The customer adjusted the background Application on March 17, 2023, with a shutdown time of 23:29:19 and a restart time of 23:33:38. During this period, the corresponding task should report an error and then trigger Alert, but Tingyun did not trigger the response action. Can you check the reason?
When this problem occurs, troubleshooting ideas: (1) Check whether there is Alert Log in the corresponding time period, (2) Check whether the task data is normal, (3) Check the corresponding time period data and compare it with the Alert condition to see whether the conditions are met. (1) Check whether there is Alert Log in the corresponding time period. The customer's operation affects two tasks. Check whether there is Alert Log in the corresponding time period. After checking, it is found that there is no Log, indicating that the Alert condition has not been met. (2) Check whether the task data is normal The customer task frequency is 1 minute. Probe Group is two Probe. During the shutdown period of Application, each task should have about 8 Probe, but in fact there are only two Probe. The background view is caused by insufficient SLA. (3) Check the corresponding time period data and compare it with the Alert condition to see if the condition is met. From the task data, the OA task performed two tasks, one page Error, 50% of Availability, which reached the threshold. However, combined with the Alert condition to trigger the Availability threshold, two Error points need to be met, so the task did not trigger Alert. The portal task is within the monitoring period, and there is no error in the task data, Availability is 100%, so Alert is not triggered.

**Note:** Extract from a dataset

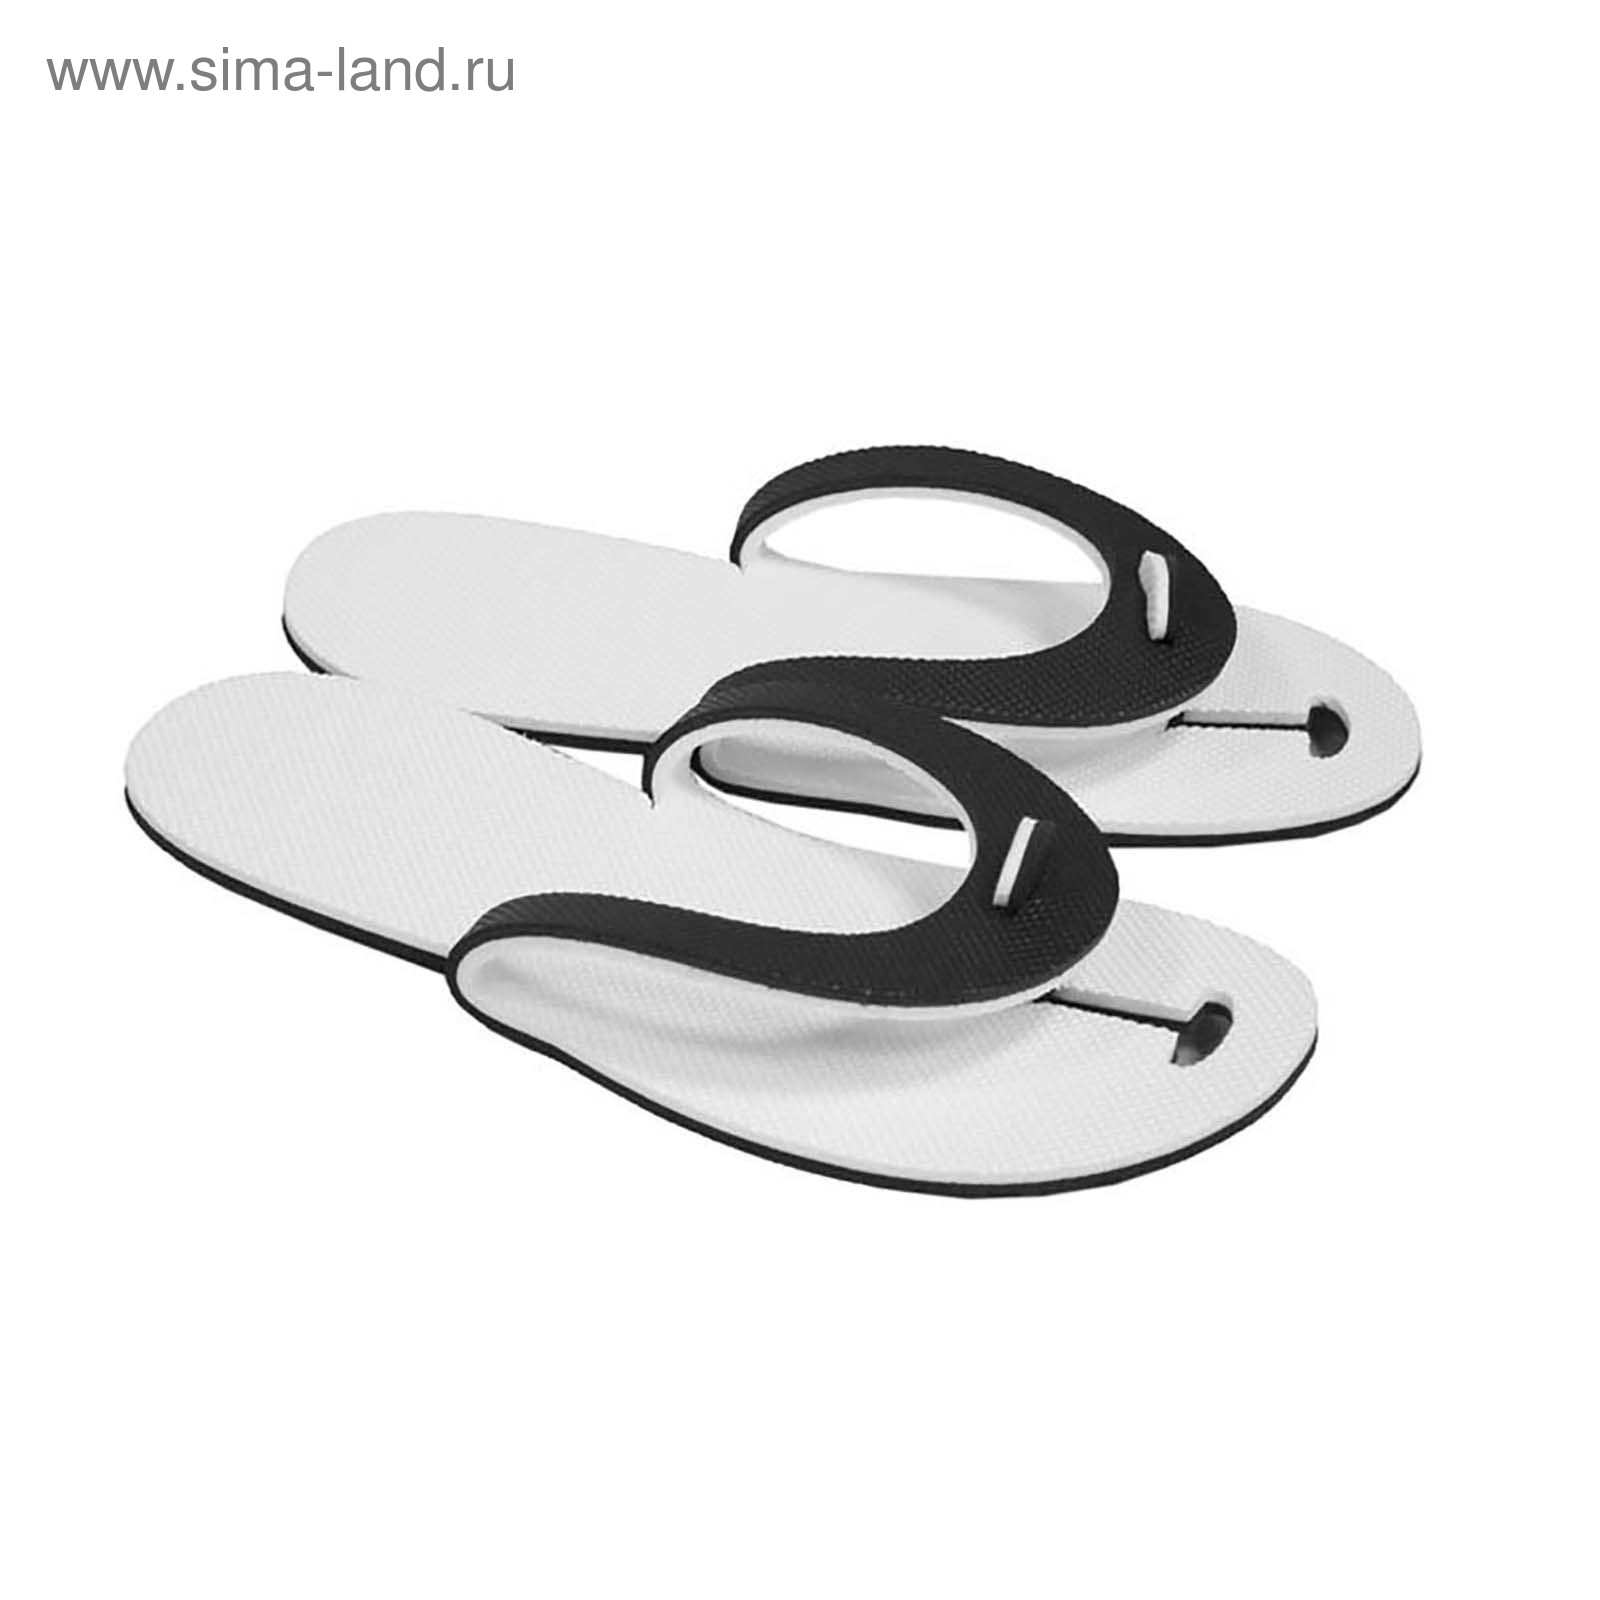 992bd7ce4281 Сланцы одноразовые для бани и сауны ЭВА 5 мм арт. 030-021, цвет МИКС,  размер 43,5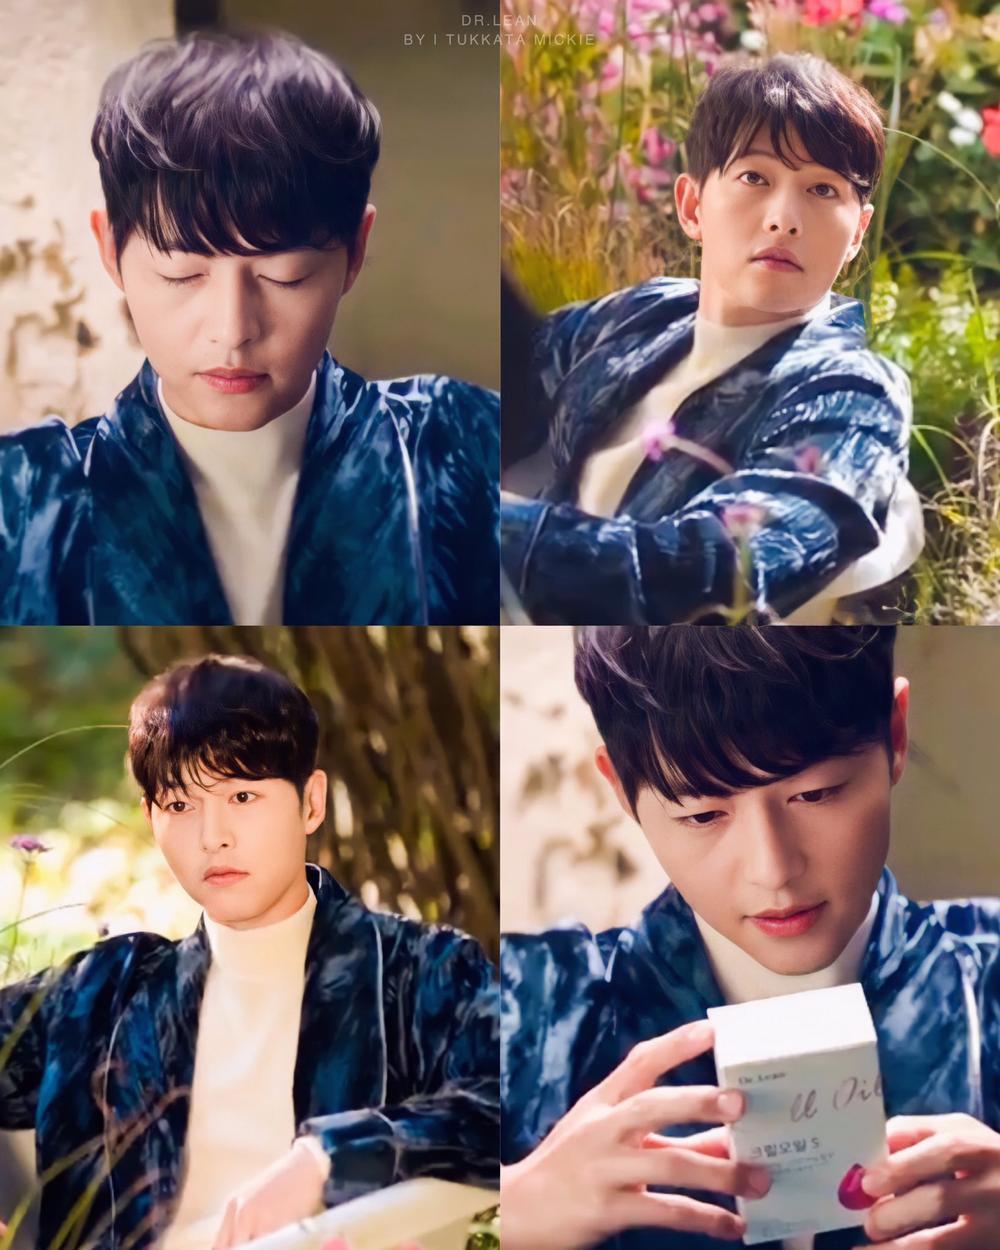 Song Joong Ki thất bại với siêu phẩm 500 tỷ vì lỡ ly hôn Song Hye Kyo: Thật tai hại! Ảnh 9

There is another problem this time, that is, when the customer closed the Application time period, he found that one task Availability was 50%, and the other one did not report an error.reason: (1) Fifty percent of Availability’s tasks are that the client’s server shutdown time is accurate to the second. The correct point is before the server is shut down. The error is reported within the time period. (2) 100% task: After communicating with the technology, we learned that the customer’s corresponding Application is more than Probe. It takes time to shut down the server. It can be accessed normally during shutdown and no error is reported. After shutdown, there is no access due to insufficient ProbeSLA, so Availability is 100%.There are two directions to solve this phenomenon (1) Add Probe, such as Probe settings to five Probe, and fill in 3 for SLA. This can fully adjust Probe and avoid insufficient SLA. (2) Reduce the task frequency. The frequency is too high and the number of tasks is too many, causing Probe to be unable to complete the task. After reducing it, Probe can be fully adjusted.